С этими словами он вернулся в каюту. Камала поспешила отойти от двери.

Только сейчас до нее дошло, что на ней надета лишь прозрачная ночная рубашка. Она поспешила смущенно опустить глаза, но в то же мгновение инстинктивно шагнула к нему.

Конрад обнял ее, и их губы встретились.

Камала от удивления сначала ничего не могла понять, но в следующее мгновение испытала огромную радость и ответила на его поцелуй.

Нет, она даже не подозревала, каким восхитительным может быть поцелуй!

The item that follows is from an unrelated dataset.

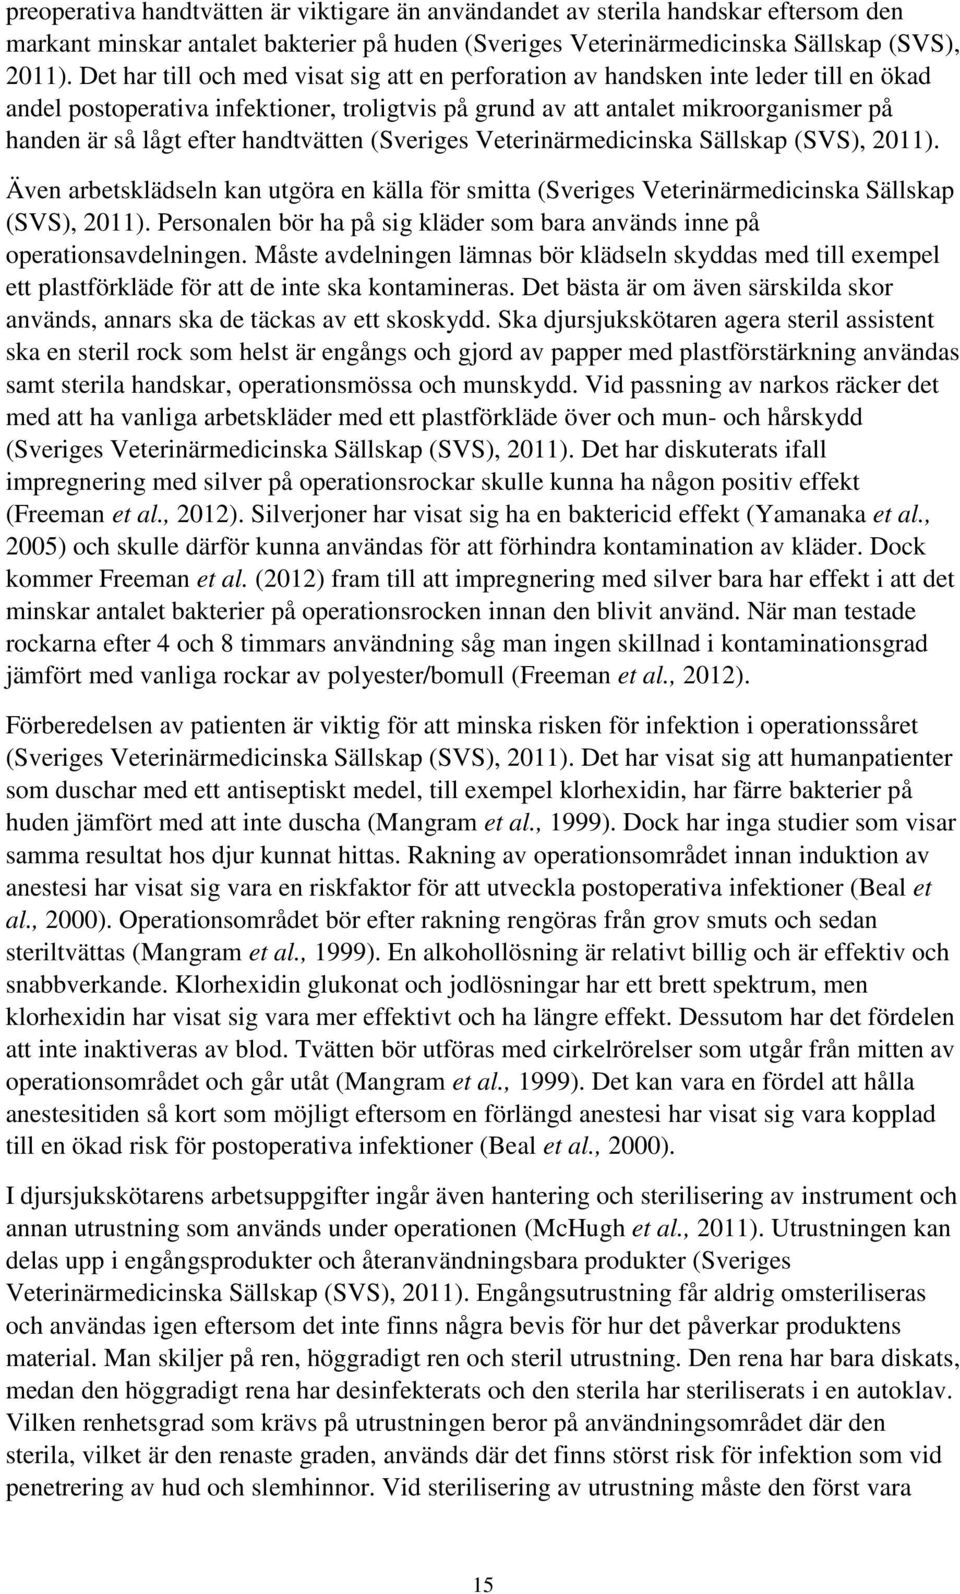 handtvätten (Sveriges Veterinärmedicinska Sällskap (SVS), 2011). Även arbetsklädseln kan utgöra en källa för smitta (Sveriges Veterinärmedicinska Sällskap (SVS), 2011).

Какое наслаждение он способен доставить, какие изысканные чувства вызвать, наполнив окружающий мир удивительным светом счастья.

Затем, столь же внезапно, как и обнял, Конрад выпустил ее и, быстро отойдя, встал на другом краю каюты спиной к ней.

— Простите меня! — отрывисто произнес он изменившимся голосом. — Все дело в том, что я долго не был с женщиной!

Возникла пауза. Но затем, видимо не удержавшись, он вновь повернулся и увидел изумленное лицо Камалы.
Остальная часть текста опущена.